**INSTRUCTIONS FOR THE TASK:**
Quote every line below exactly and skip any picture.

**AVAILABLE DATA:**
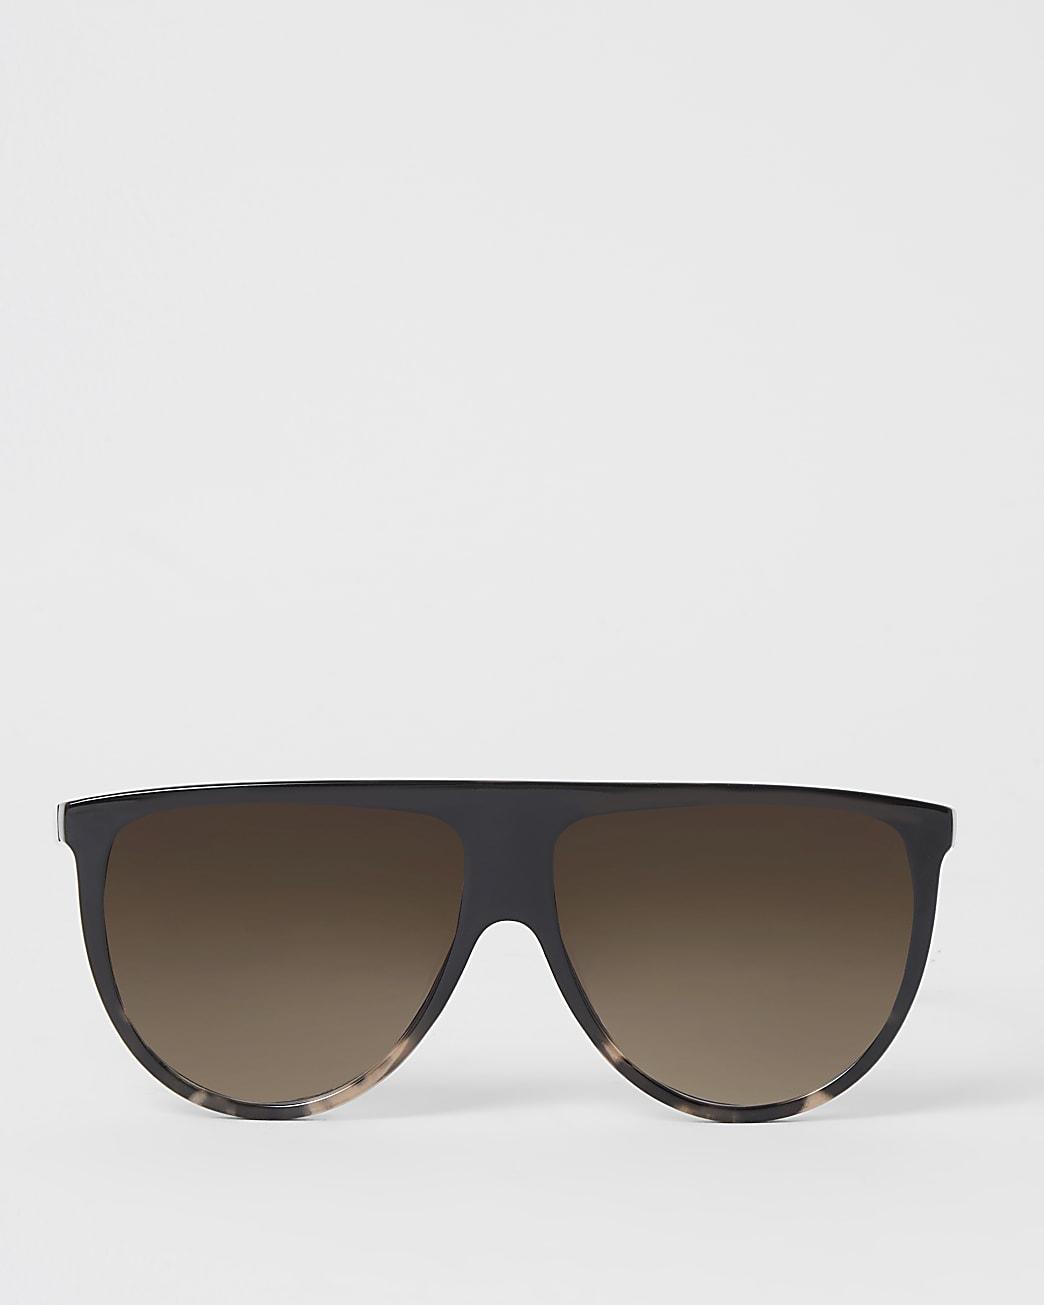 Dark brown visor sunglasses
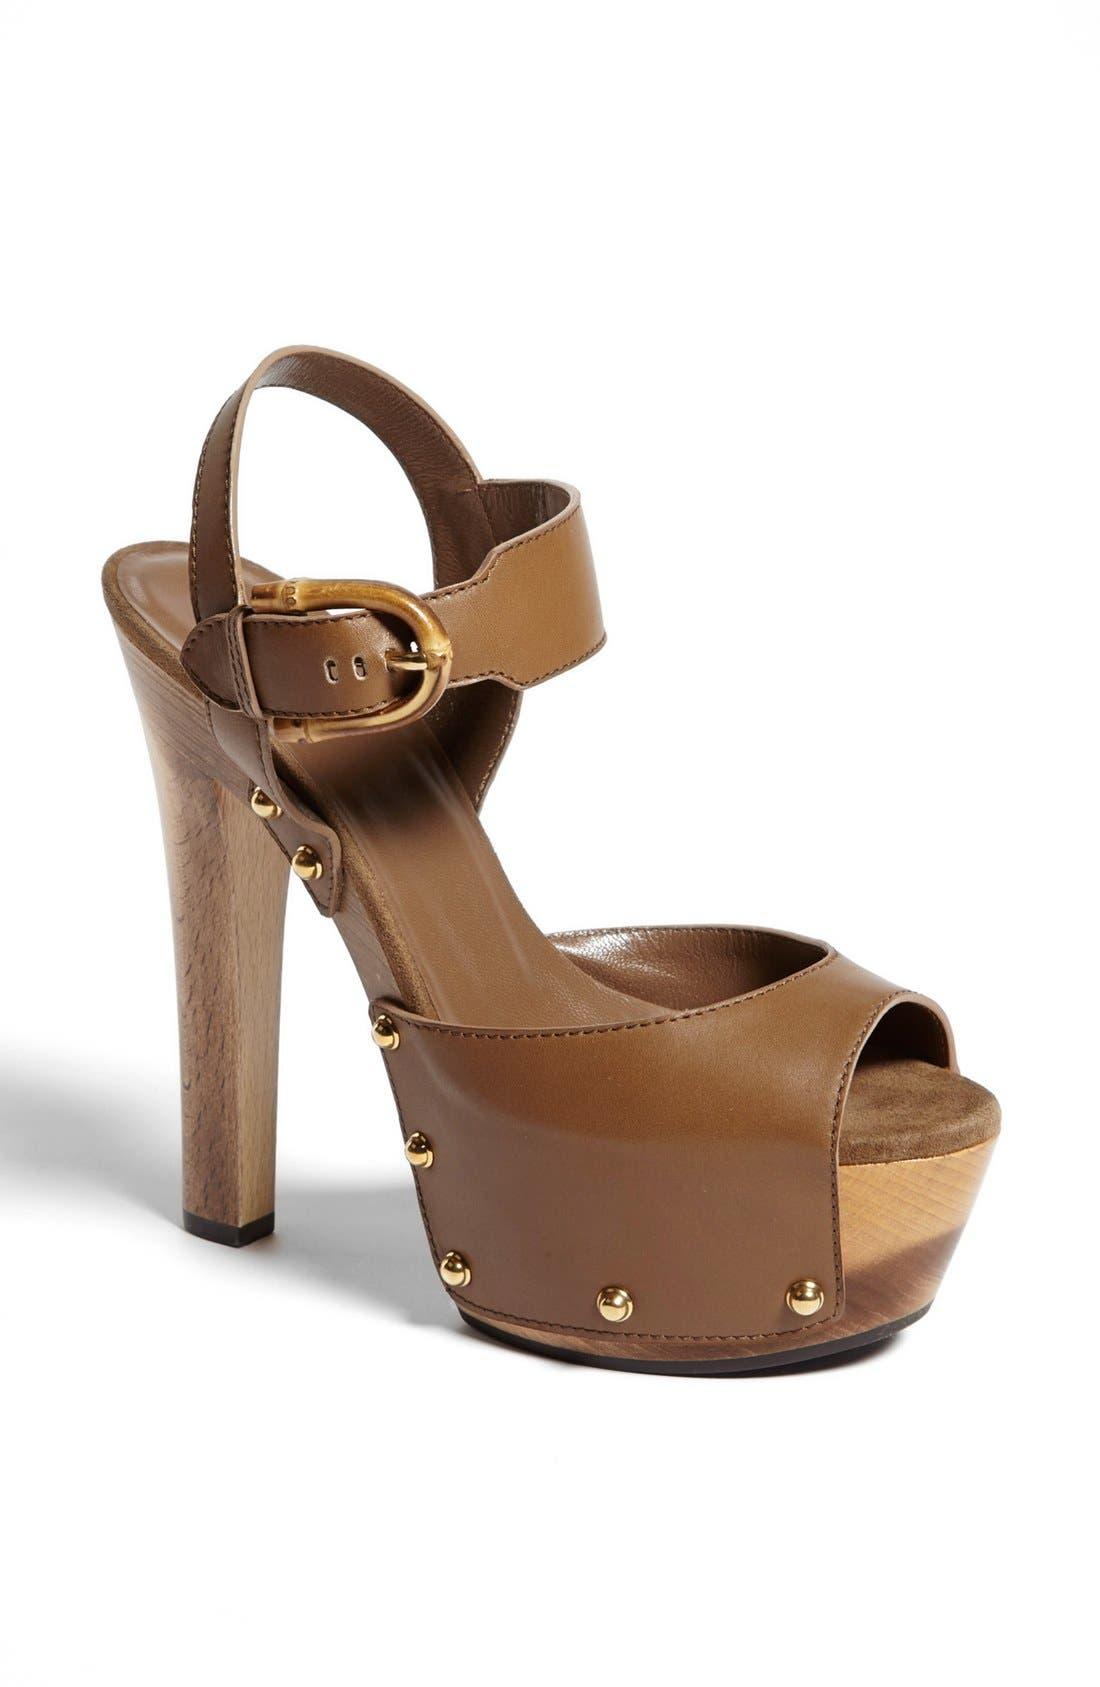 Main Image - Gucci 'Nadege' Clog Sandal
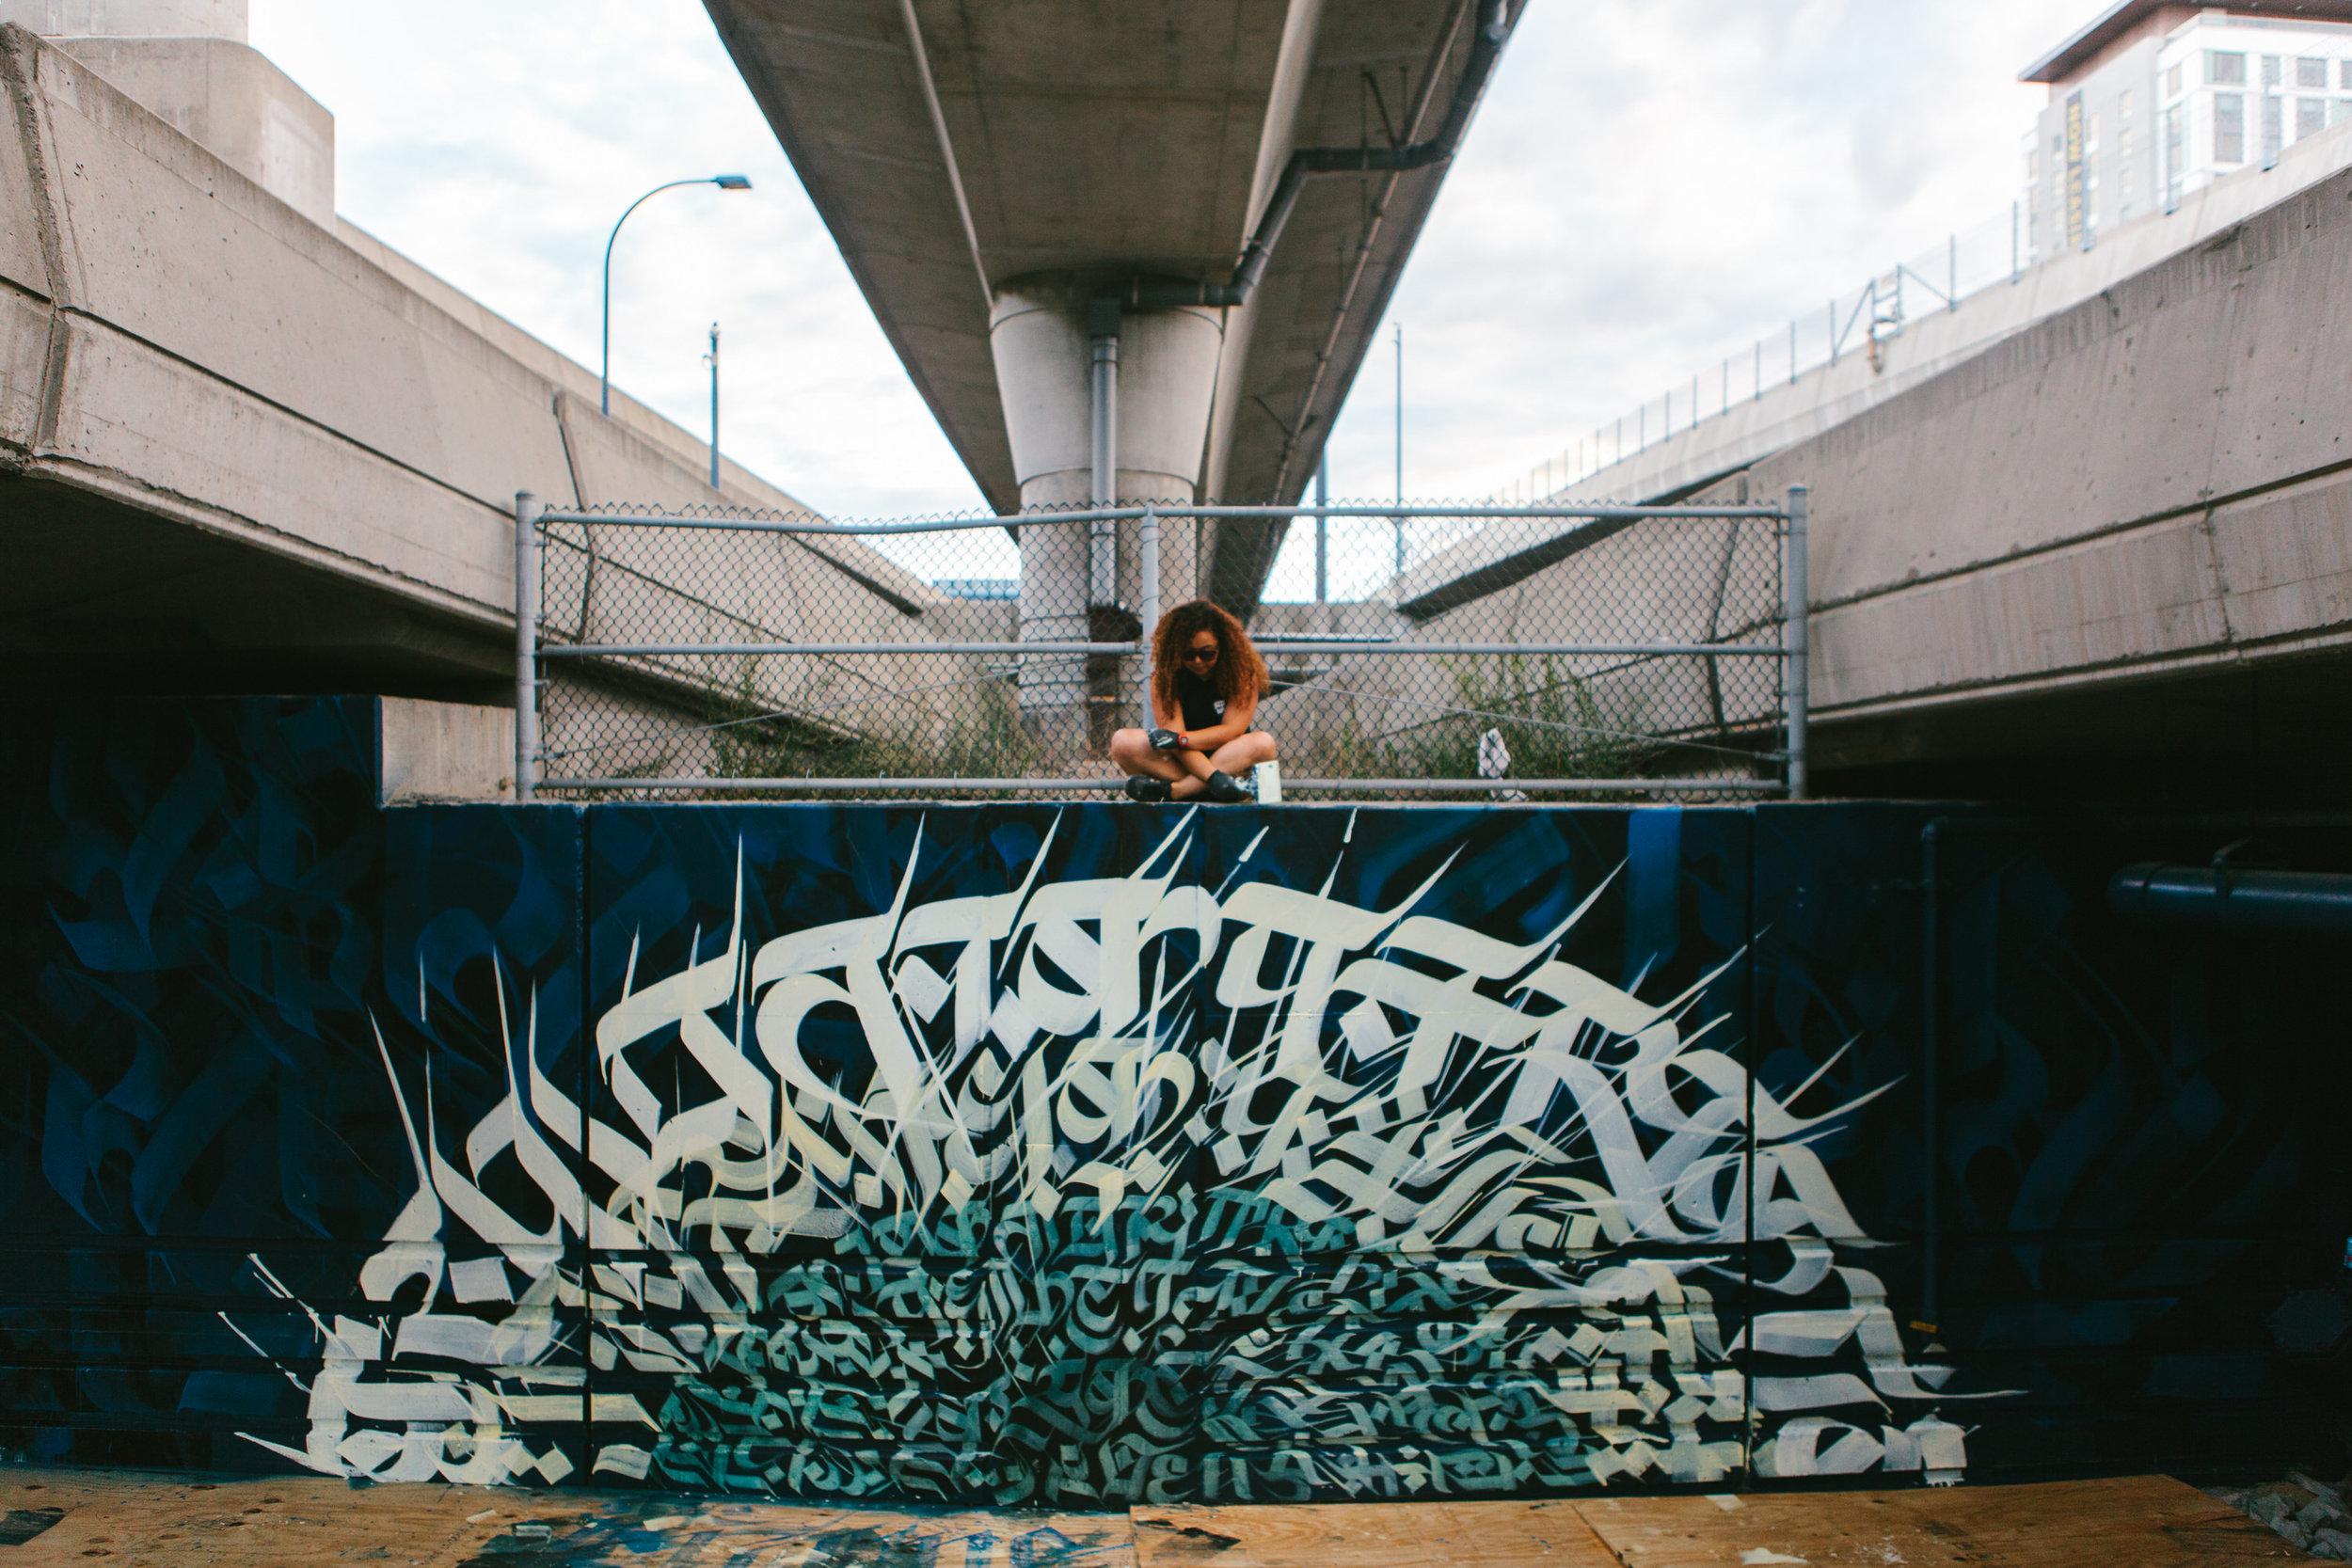 Underground Mural Project, Boston, 2017

**TASK ANSWER:**
 Dark brown visor sunglasses
 Main Image - Gucci 'Nadege' Clog Sandal
 Underground Mural Project, Boston, 2017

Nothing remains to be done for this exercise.